**Work item**
Write the data out again, character for character, with no images.

Raw data section start

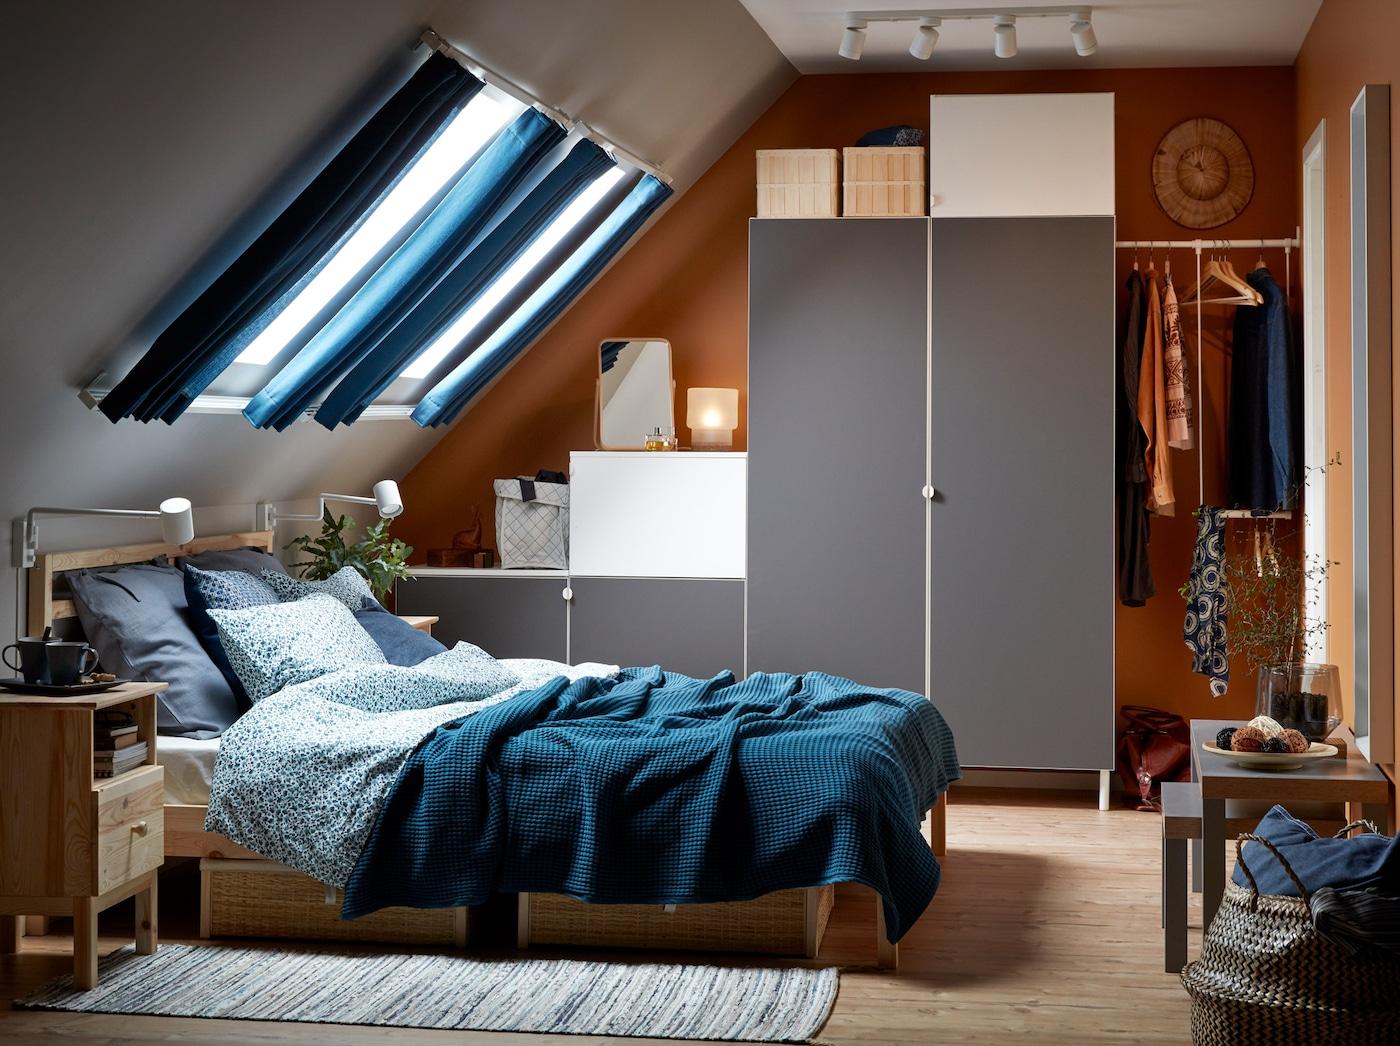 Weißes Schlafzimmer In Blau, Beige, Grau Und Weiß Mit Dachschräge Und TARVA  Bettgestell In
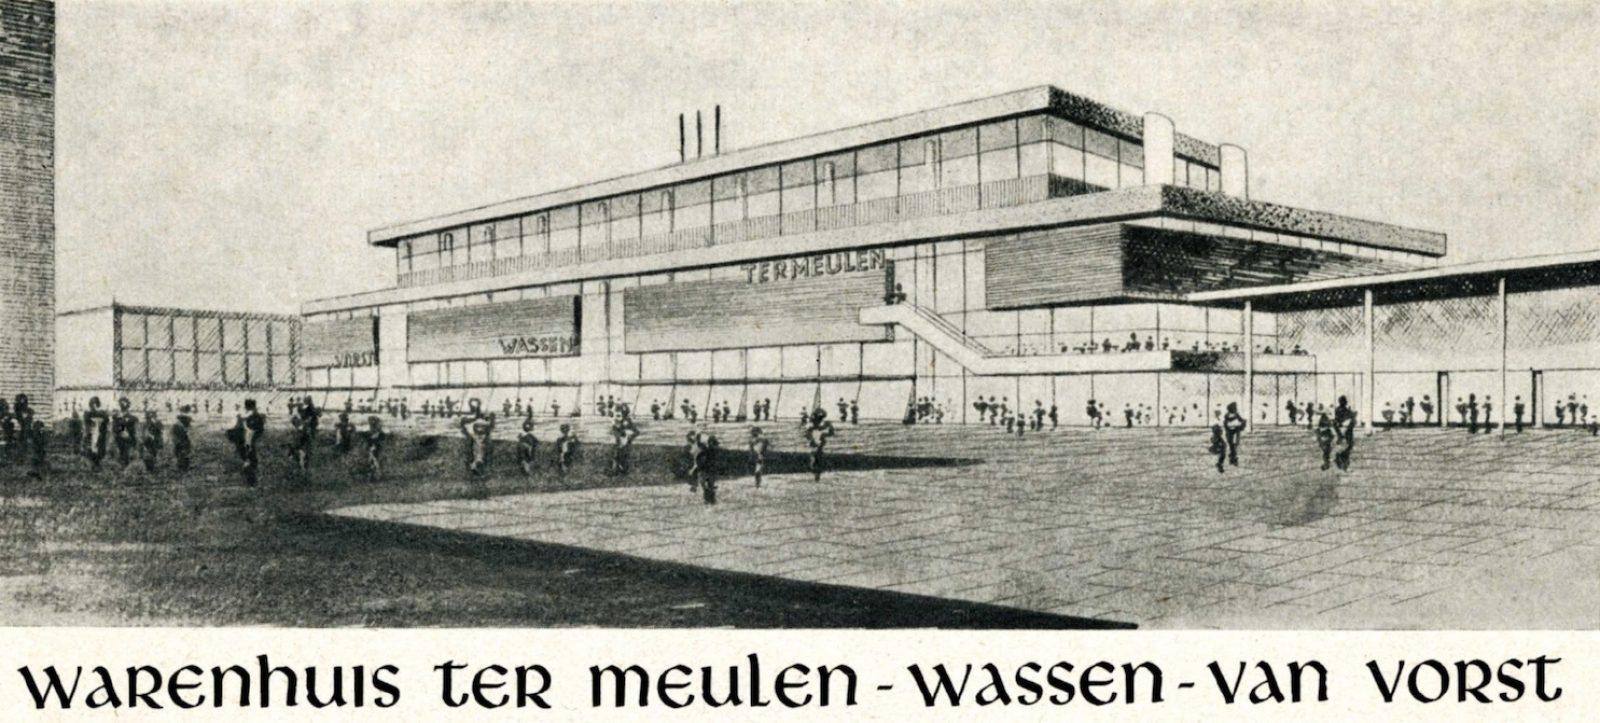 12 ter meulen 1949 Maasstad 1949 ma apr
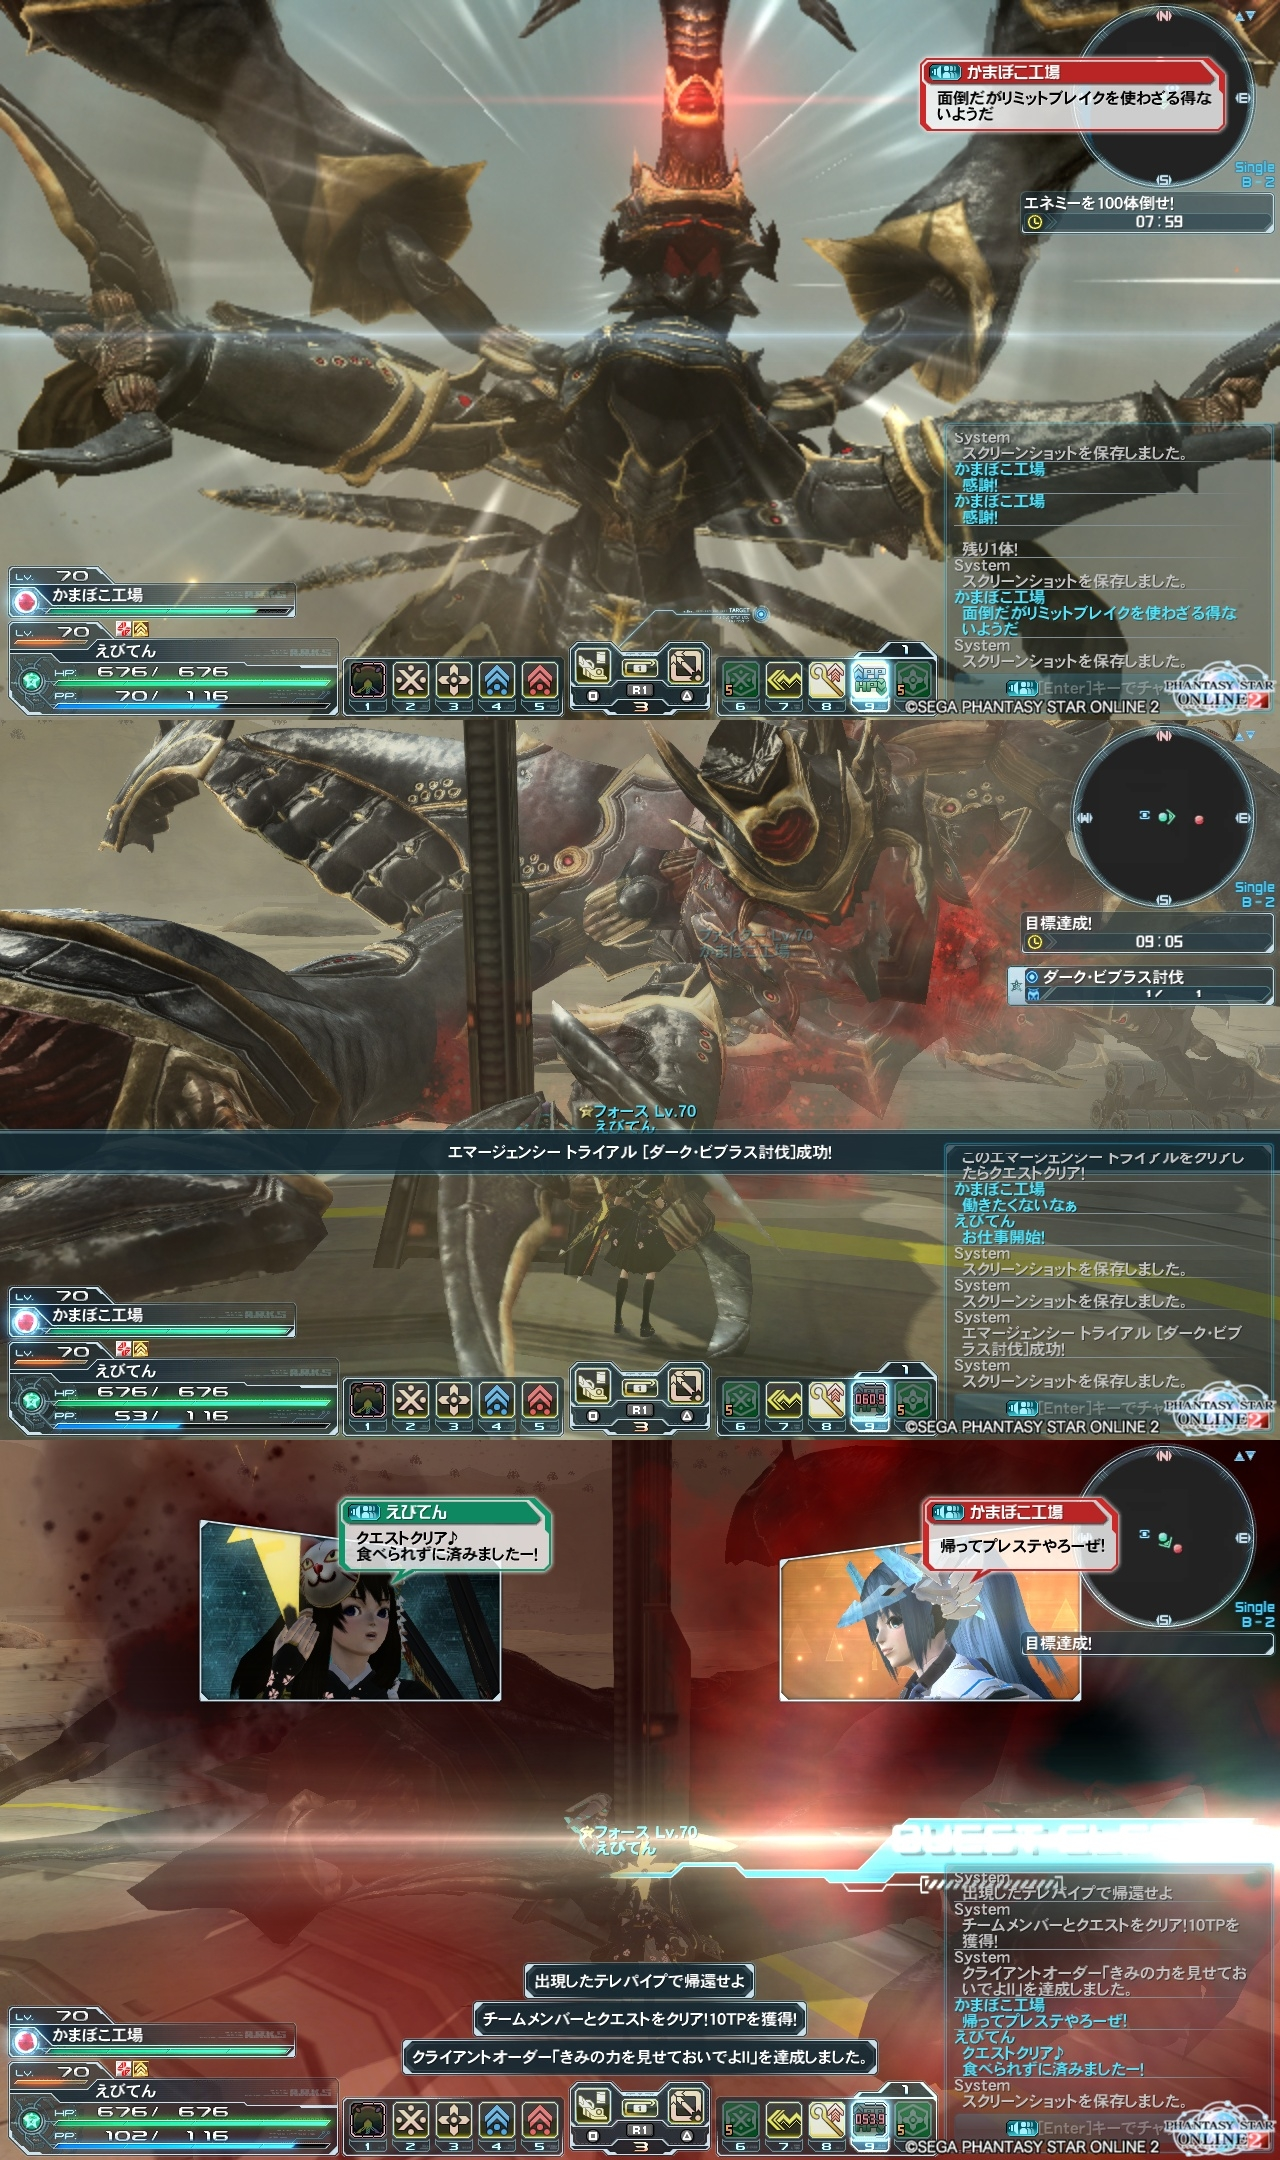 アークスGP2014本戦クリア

Raw data section end

**Solution**
 Weißes Schlafzimmer In Blau, Beige, Grau Und Weiß Mit Dachschräge Und TARVA  Bettgestell In
 12 ter meulen 1949 Maasstad 1949 ma apr
 アークスGP2014本戦クリア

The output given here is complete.